### Action item:
List every line in this data where the string "Foto" occurs.

### Raw data:
****

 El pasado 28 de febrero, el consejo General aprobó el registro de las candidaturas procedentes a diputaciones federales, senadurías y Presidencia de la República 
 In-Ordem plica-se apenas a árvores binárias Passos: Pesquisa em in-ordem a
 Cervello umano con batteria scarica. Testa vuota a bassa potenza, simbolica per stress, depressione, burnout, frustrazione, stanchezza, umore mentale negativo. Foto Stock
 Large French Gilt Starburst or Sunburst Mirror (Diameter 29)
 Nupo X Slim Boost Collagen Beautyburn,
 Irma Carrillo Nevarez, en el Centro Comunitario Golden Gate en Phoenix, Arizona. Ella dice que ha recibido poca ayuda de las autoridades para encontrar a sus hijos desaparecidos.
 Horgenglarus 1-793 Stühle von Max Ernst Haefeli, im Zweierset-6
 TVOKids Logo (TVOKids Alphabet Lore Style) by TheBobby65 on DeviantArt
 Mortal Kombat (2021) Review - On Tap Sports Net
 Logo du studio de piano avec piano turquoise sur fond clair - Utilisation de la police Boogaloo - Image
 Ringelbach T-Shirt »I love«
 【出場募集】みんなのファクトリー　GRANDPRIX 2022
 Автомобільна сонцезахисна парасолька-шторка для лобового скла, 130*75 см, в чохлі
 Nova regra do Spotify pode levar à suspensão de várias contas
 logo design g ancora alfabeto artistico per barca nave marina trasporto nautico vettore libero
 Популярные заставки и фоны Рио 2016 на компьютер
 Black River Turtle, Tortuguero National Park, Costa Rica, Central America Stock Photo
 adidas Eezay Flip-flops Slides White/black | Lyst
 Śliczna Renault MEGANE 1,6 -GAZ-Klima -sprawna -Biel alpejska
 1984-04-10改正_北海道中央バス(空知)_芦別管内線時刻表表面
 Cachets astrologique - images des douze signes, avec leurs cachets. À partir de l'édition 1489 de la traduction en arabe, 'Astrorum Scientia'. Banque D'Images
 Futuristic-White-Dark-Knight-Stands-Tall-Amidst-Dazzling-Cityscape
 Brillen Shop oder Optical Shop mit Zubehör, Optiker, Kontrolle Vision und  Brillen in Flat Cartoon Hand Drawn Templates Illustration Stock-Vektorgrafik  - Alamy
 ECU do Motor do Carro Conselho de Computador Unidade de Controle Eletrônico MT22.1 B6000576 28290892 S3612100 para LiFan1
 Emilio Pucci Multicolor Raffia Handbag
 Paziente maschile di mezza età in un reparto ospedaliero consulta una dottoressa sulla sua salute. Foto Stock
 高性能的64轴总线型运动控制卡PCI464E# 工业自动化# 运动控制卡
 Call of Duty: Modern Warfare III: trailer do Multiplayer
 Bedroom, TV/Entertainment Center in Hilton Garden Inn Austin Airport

****

### Response box:
 Cervello umano con batteria scarica. Testa vuota a bassa potenza, simbolica per stress, depressione, burnout, frustrazione, stanchezza, umore mentale negativo. Foto Stock
 Paziente maschile di mezza età in un reparto ospedaliero consulta una dottoressa sulla sua salute. Foto Stock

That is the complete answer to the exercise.